• **Task requirements**
Where the listing below reaches the line containing "De Quatro STROBOLIGHTS", start writing out lines exactly, and stop once the line containing "Fia Formula E" has been written.

• **Material for the task**
- - - - - - -
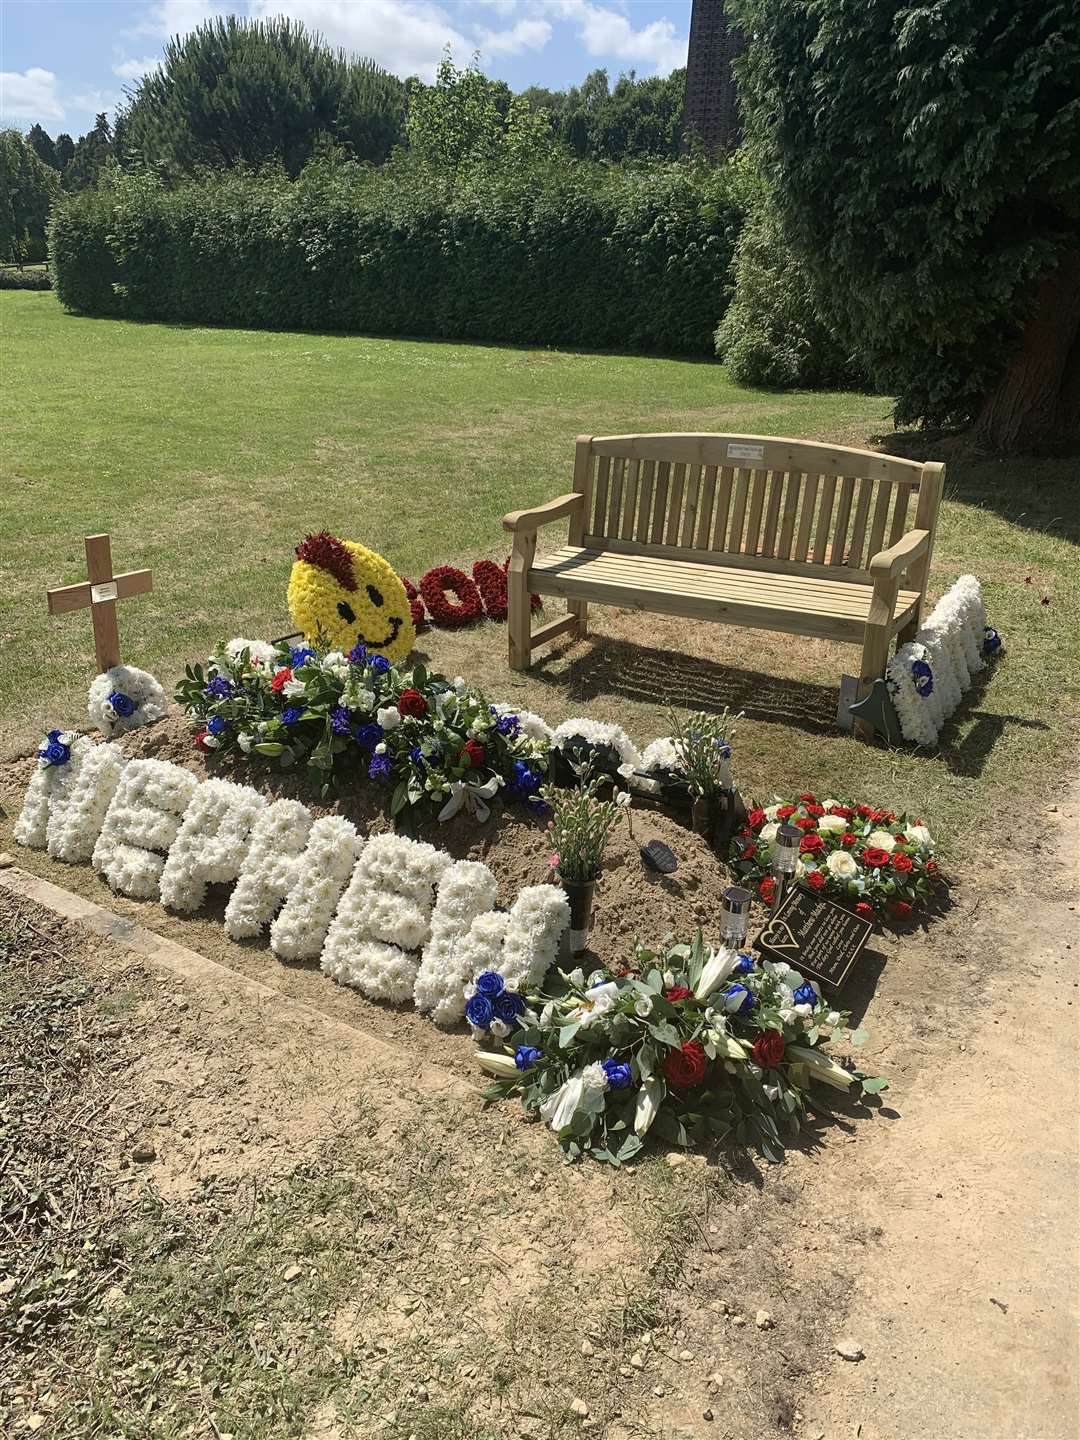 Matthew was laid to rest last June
- - - - - - -
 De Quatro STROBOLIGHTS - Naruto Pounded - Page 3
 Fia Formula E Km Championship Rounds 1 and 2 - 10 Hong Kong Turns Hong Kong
- - - - - - -
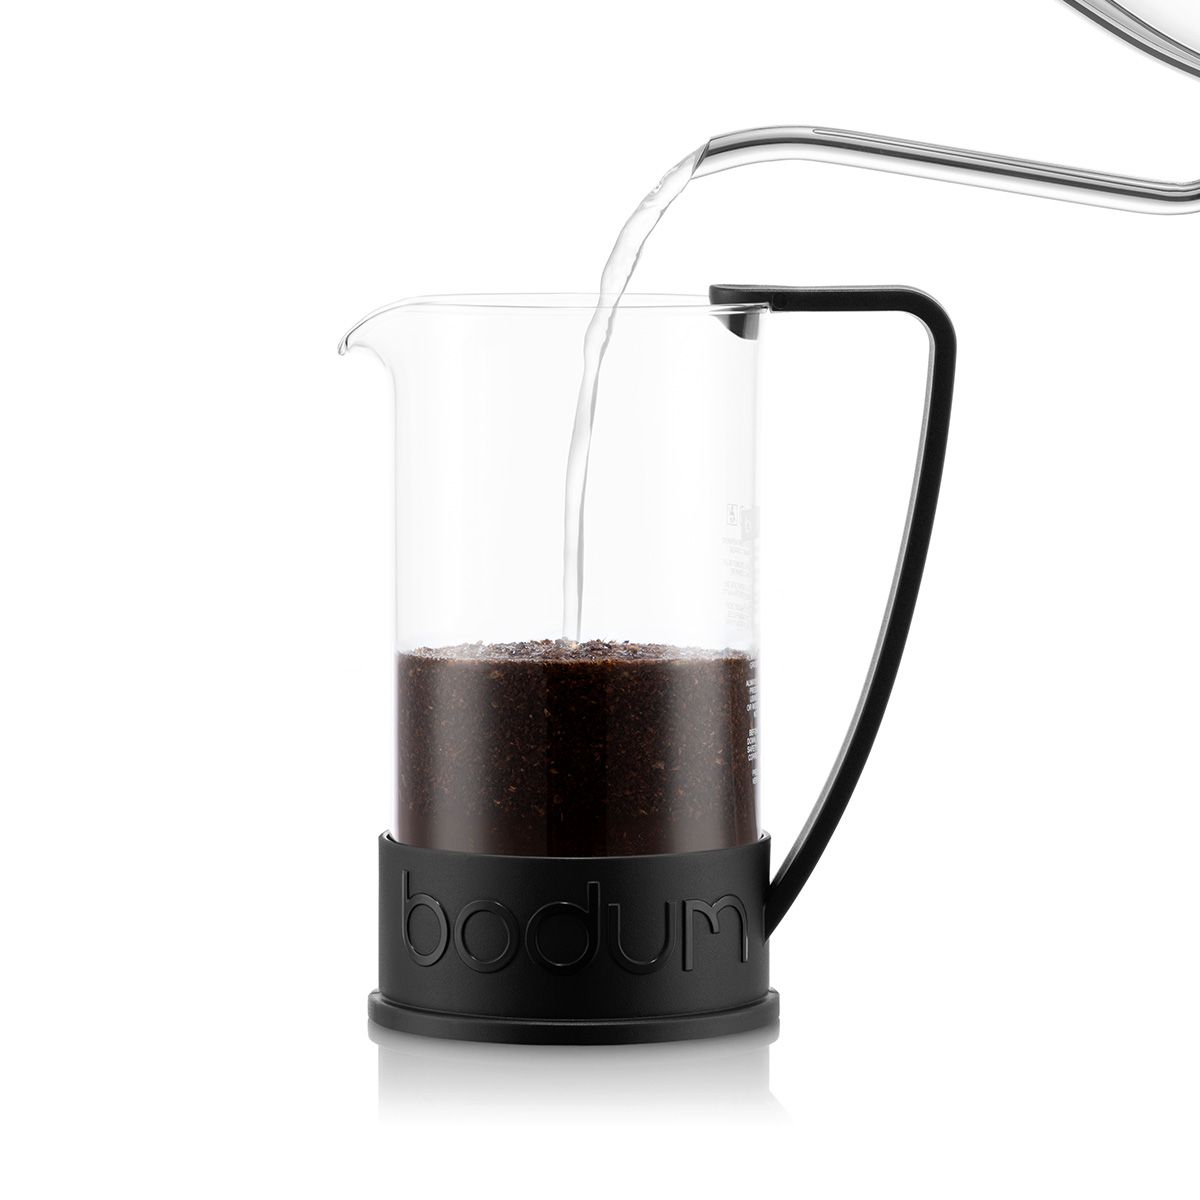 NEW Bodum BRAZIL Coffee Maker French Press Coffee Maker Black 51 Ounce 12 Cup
- - - - - - -
• **Answer to this task**
 De Quatro STROBOLIGHTS - Naruto Pounded - Page 3
 Fia Formula E Km Championship Rounds 1 and 2 - 10 Hong Kong Turns Hong Kong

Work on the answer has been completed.